Collected material:
★ ★ ★ ★

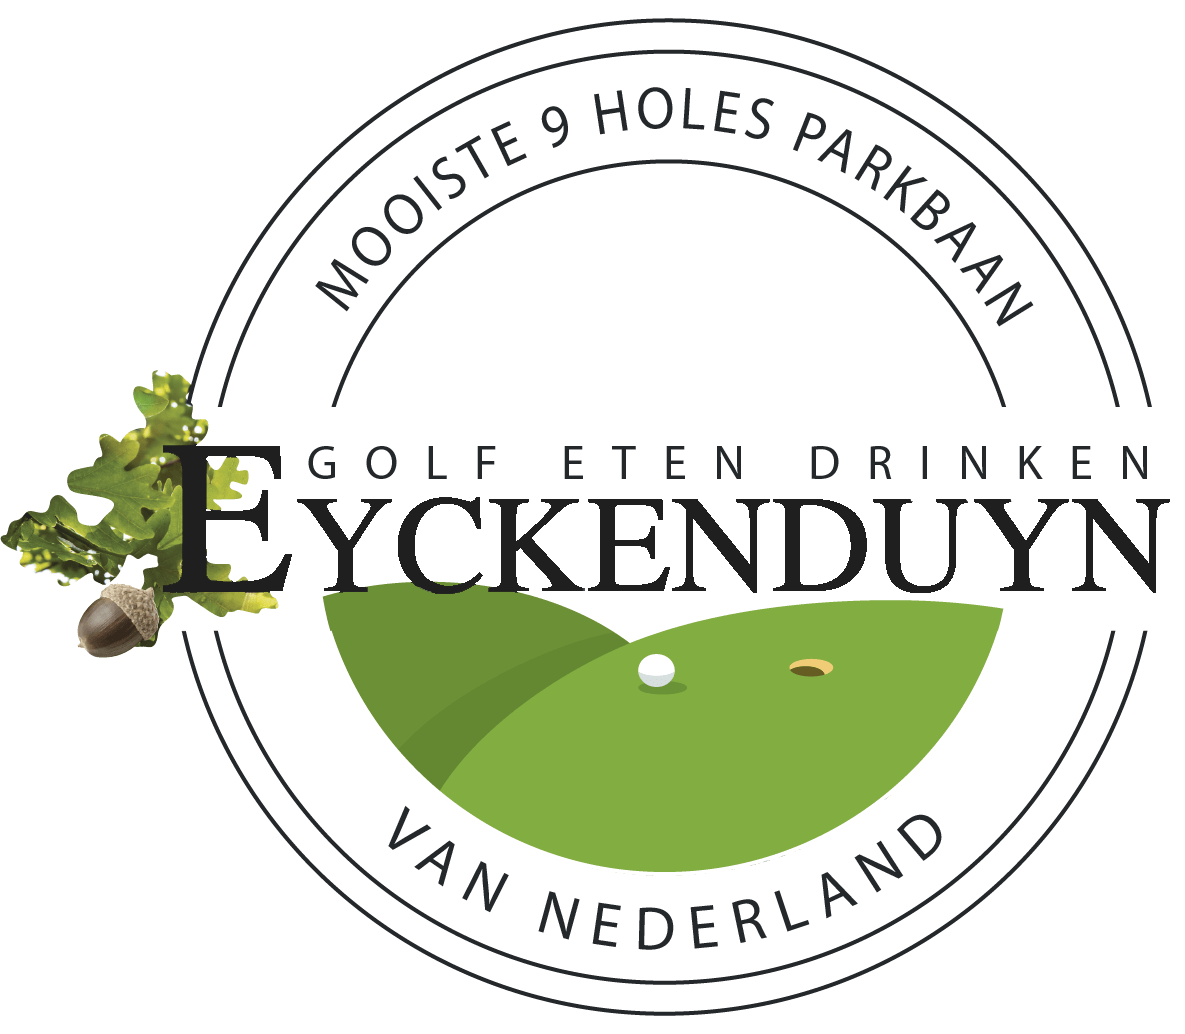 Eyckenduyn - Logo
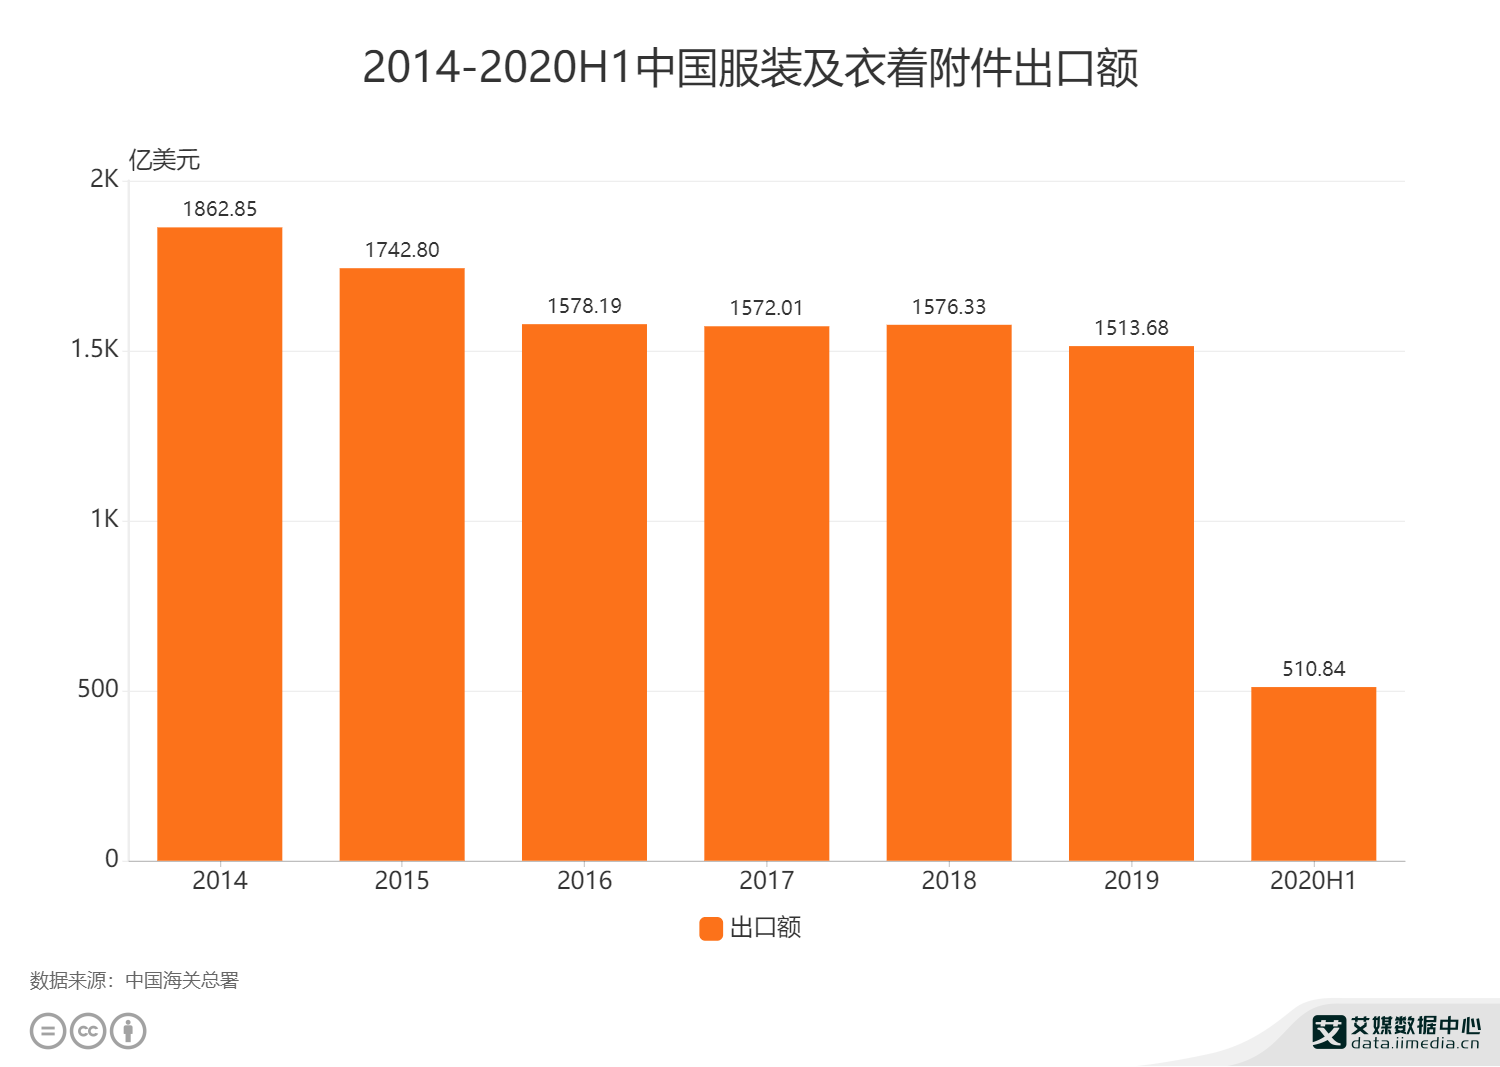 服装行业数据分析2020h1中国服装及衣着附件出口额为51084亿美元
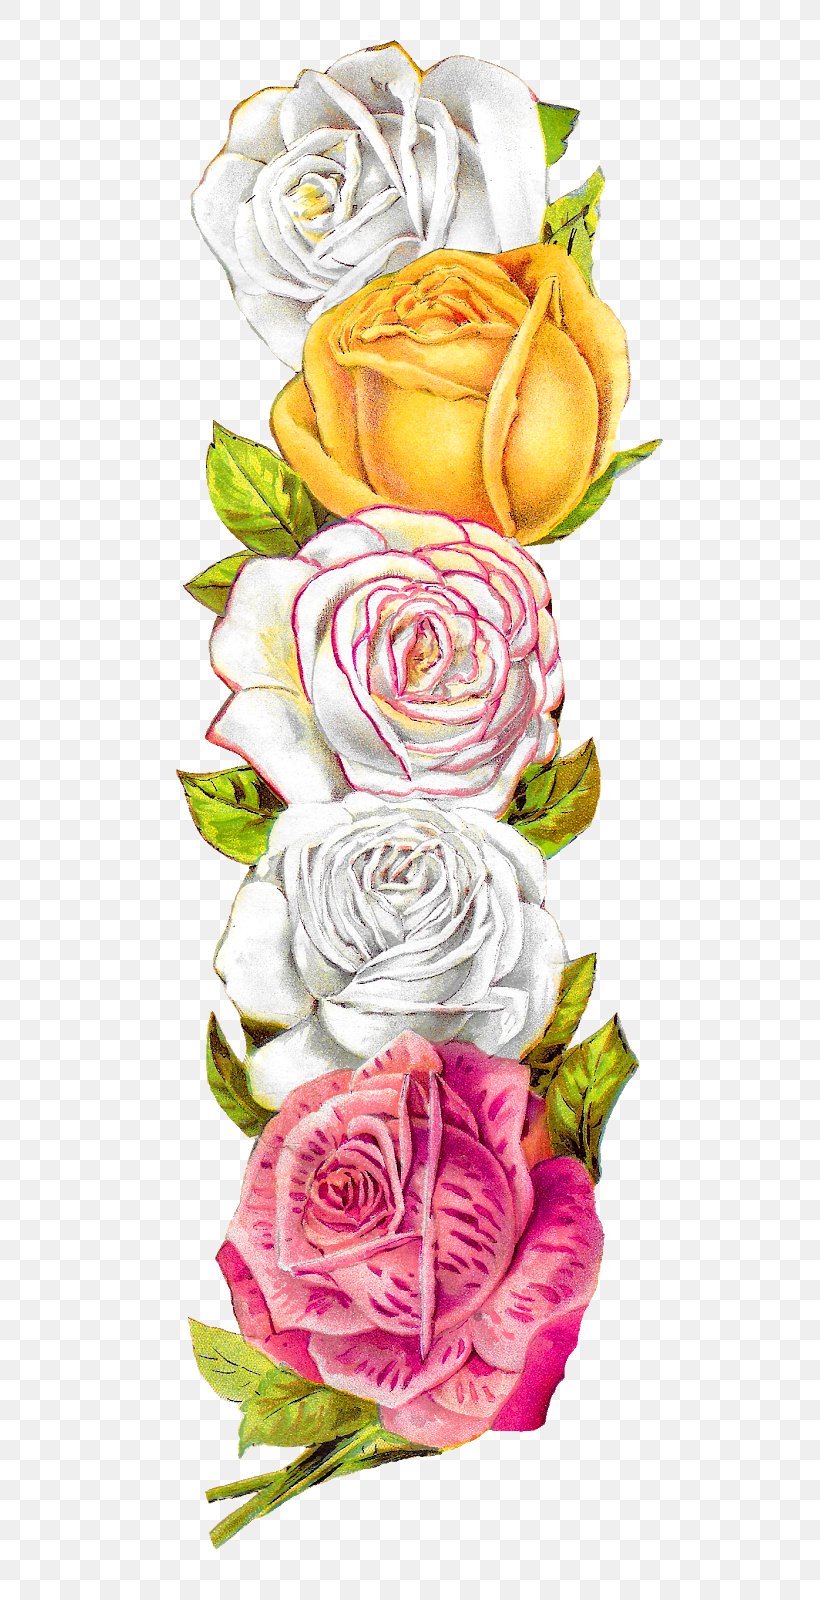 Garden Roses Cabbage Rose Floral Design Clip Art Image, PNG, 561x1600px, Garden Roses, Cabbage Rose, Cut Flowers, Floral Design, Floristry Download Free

★ ★ ★ ★

Work item:
Beginning with the line that includes "服装行业数据分析2020h1中国服装及衣着附件出口额为51084亿美元" and ending with the last line of the material, reproduce those lines exactly and nothing else, with no pictures.

Reply:
 服装行业数据分析2020h1中国服装及衣着附件出口额为51084亿美元
 Garden Roses Cabbage Rose Floral Design Clip Art Image, PNG, 561x1600px, Garden Roses, Cabbage Rose, Cut Flowers, Floral Design, Floristry Download Free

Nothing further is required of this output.